Certain Information Concerning Participants

Casey's, its directors and executive officers may be deemed to be participants in the solicitation of Casey's security holders in connection with its 2010 Annual Meeting of Shareholders. Security holders may obtain information regarding the names, affiliations and interests of such individuals in Casey's Annual Report on Form 10-K for the year ended April 30, 2009, which was filed with the SEC on June 29, 2009, and its proxy statement for the 2009 Annual Meeting of Shareholders, which was filed with the SEC on August 10, 2009. To the extent holdings of Casey's securities have changed since the amounts printed in the proxy statement for the 2009 Annual Meeting of Shareholders, such changes have been or will be reflected on Statements of Change in Ownership on Form 4 filed with the SEC. Additional information regarding the interests of such individuals can also be obtained from the proxy statement relating to the 2010 Annual Meeting of Shareholders when it is filed by Casey's with the SEC. These documents (when available) may be obtained free of charge from the SEC’s website at www.sec.gov and Casey’s website at www.caseys.com.

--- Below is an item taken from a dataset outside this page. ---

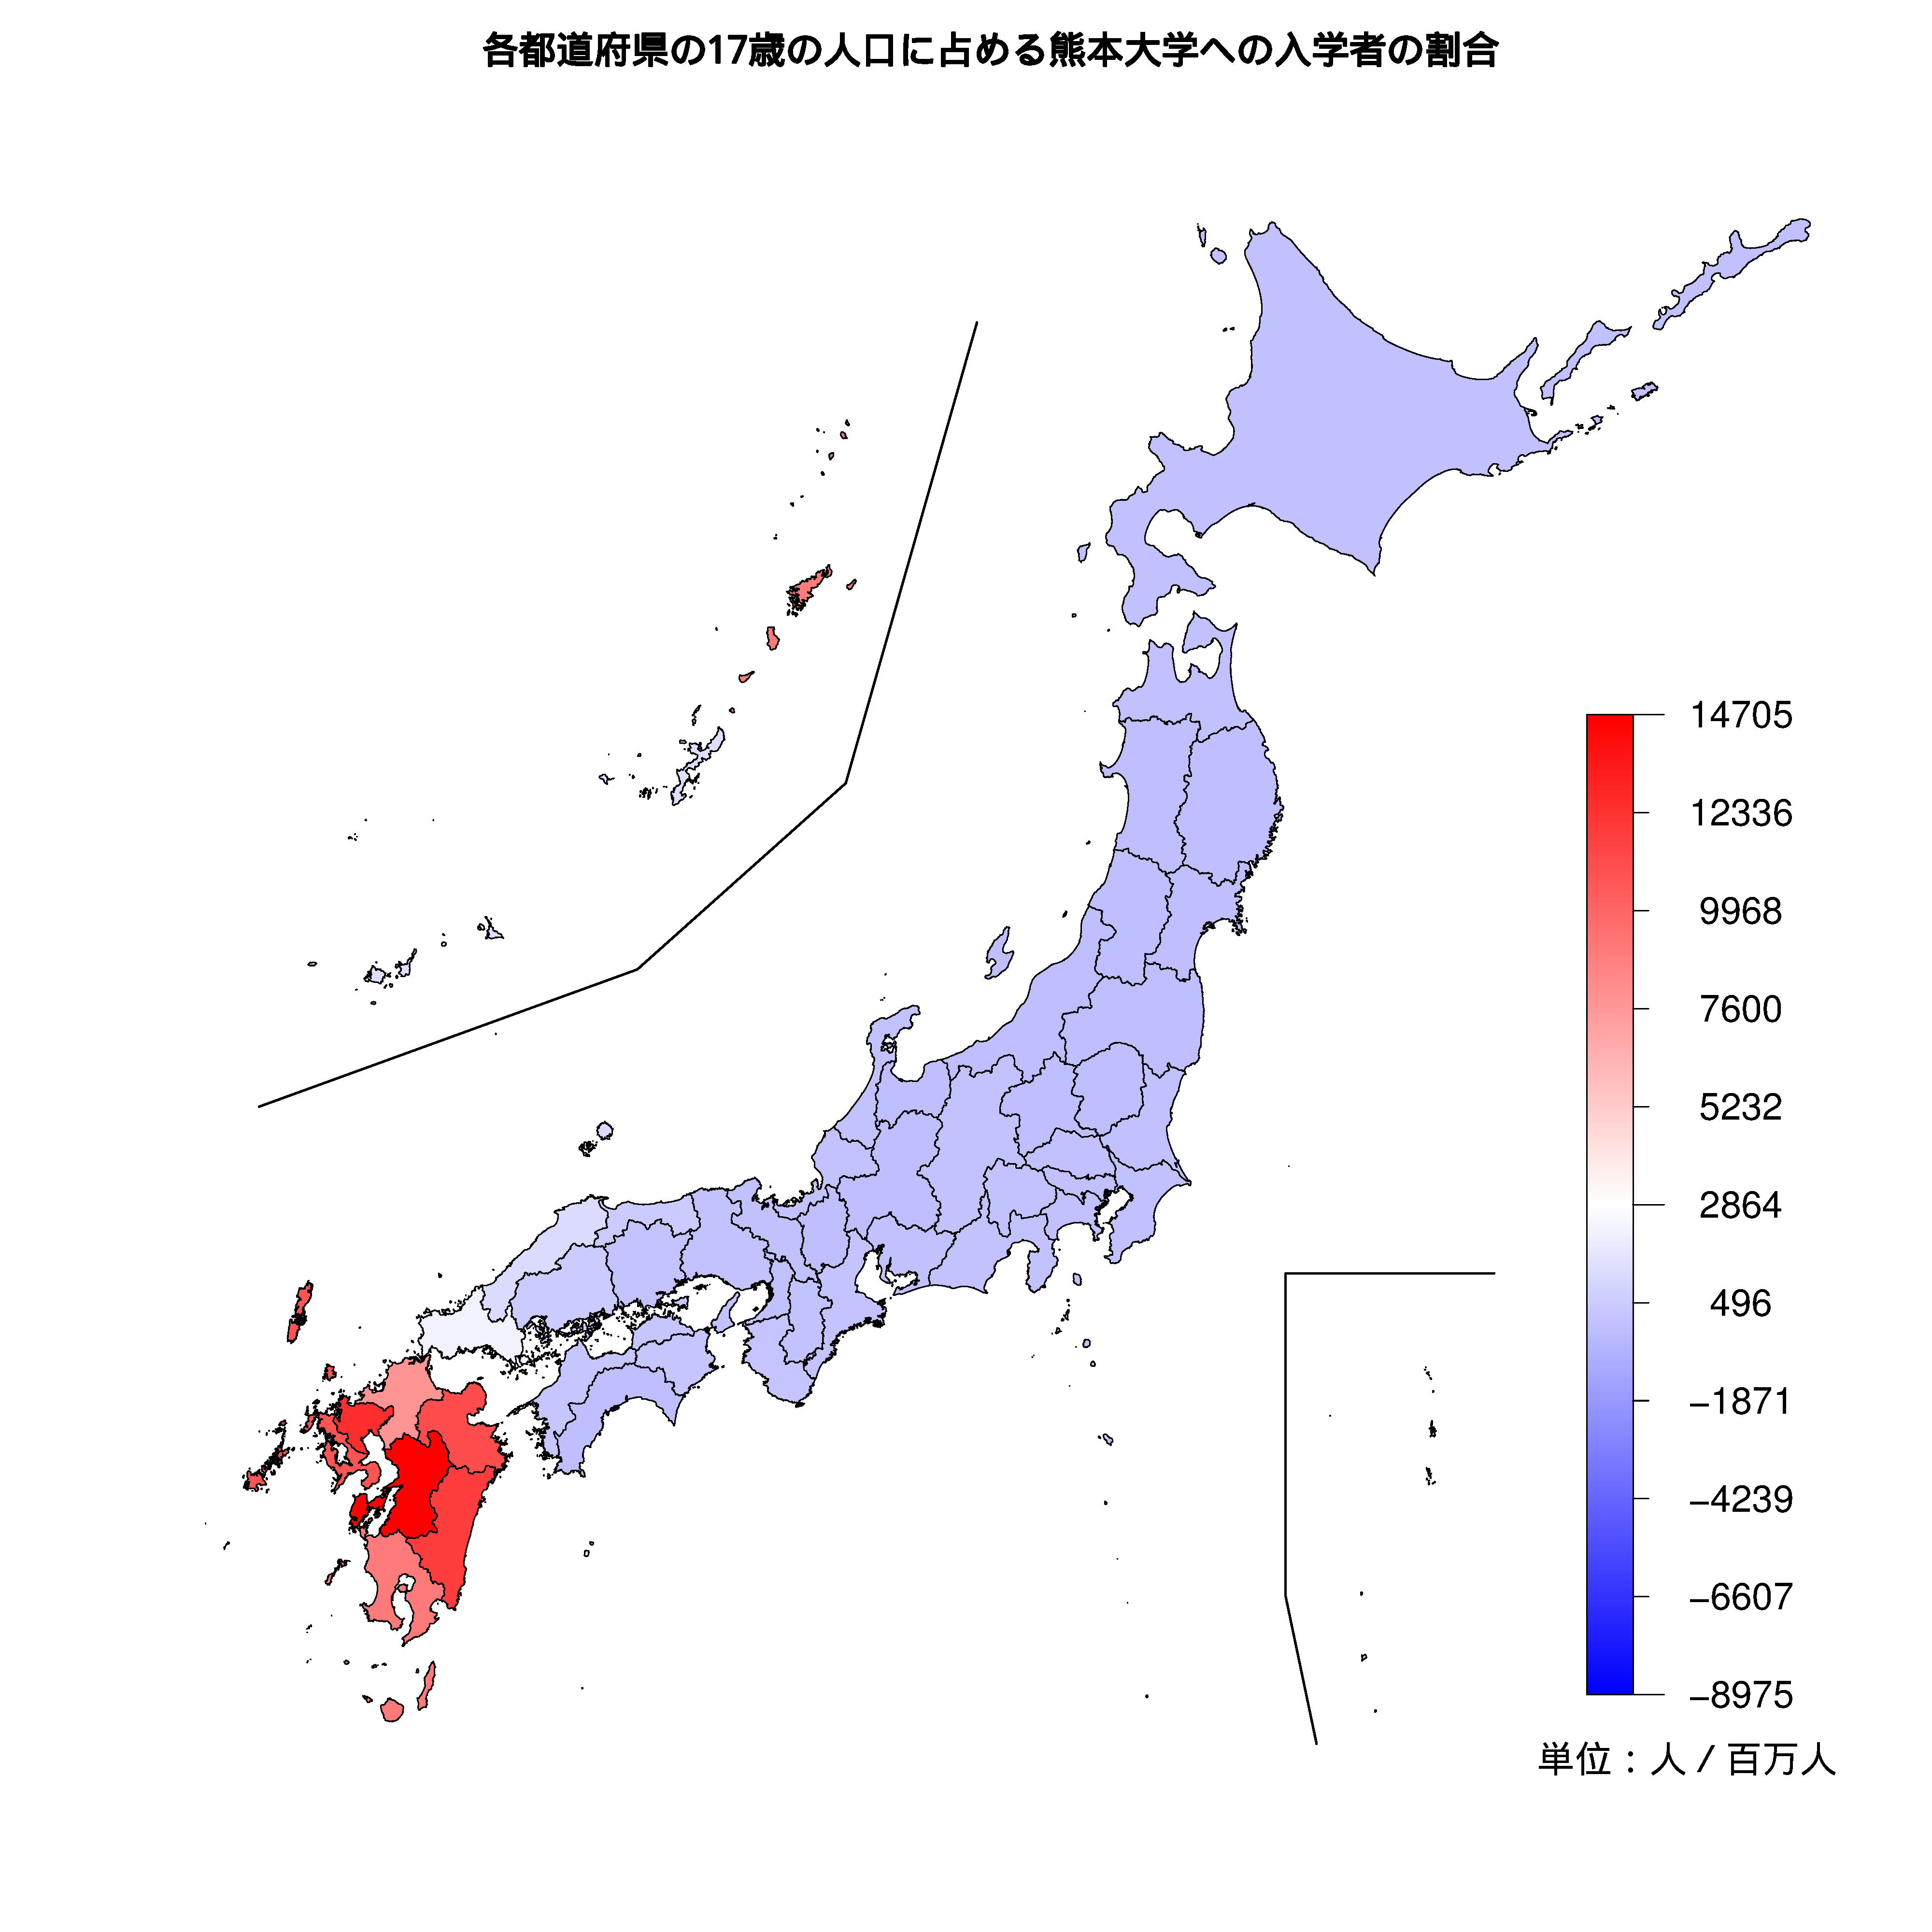 熊本大学への入学者が多い都道府県の色分け地図

Forward-Looking Statements

This communication contains various “forward-looking statements” within the meaning of Section 27A of the Securities Act of 1933, as amended, and Section 21E of the Securities Exchange Act of 1934, as amended.  Forward-looking statements represent our expectations or beliefs concerning future events that may not prove to be accurate.  The words “believe,” “expect,” “anticipate,” “intend,” “estimate,” “project” and similar expressions are used to identify forward-looking statements.  We caution you that these statements are further
qualified by important factors that could cause actual results to differ materially from those in the forward-looking statements, including the risk that our cash balances and cash generated from operations and financing activities will not be sufficient for our future liquidity and capital resource needs, competition in the industry in which we operate, changes in the price or supply of gasoline, tax increases or other changes in the price of or demand for tobacco products, potential liabilities and expenditures related to compliance with environmental and other laws and regulations, the seasonality of demand patterns, weather conditions, future actions by Couche-Tard in connection with its unsolicited tender offer to acquire Casey’s, the risk that disruptions or uncertainty from Couche-Tard’s unsolicited tender offer will divert management’s time and harm Casey’s relationships with our customers, employees and suppliers and the other risks and uncertainties included from time to time in our filings with the SEC.  We further caution you that other factors we have not identified may in the future prove to be important in affecting our business and results of operations.  We ask you not to place undue reliance on any forward-looking statements because they speak only of our views as of the statement dates.  We undertake no obligation to publicly update or revise any forward-looking statements, whether as a result of new information, future events, or otherwise.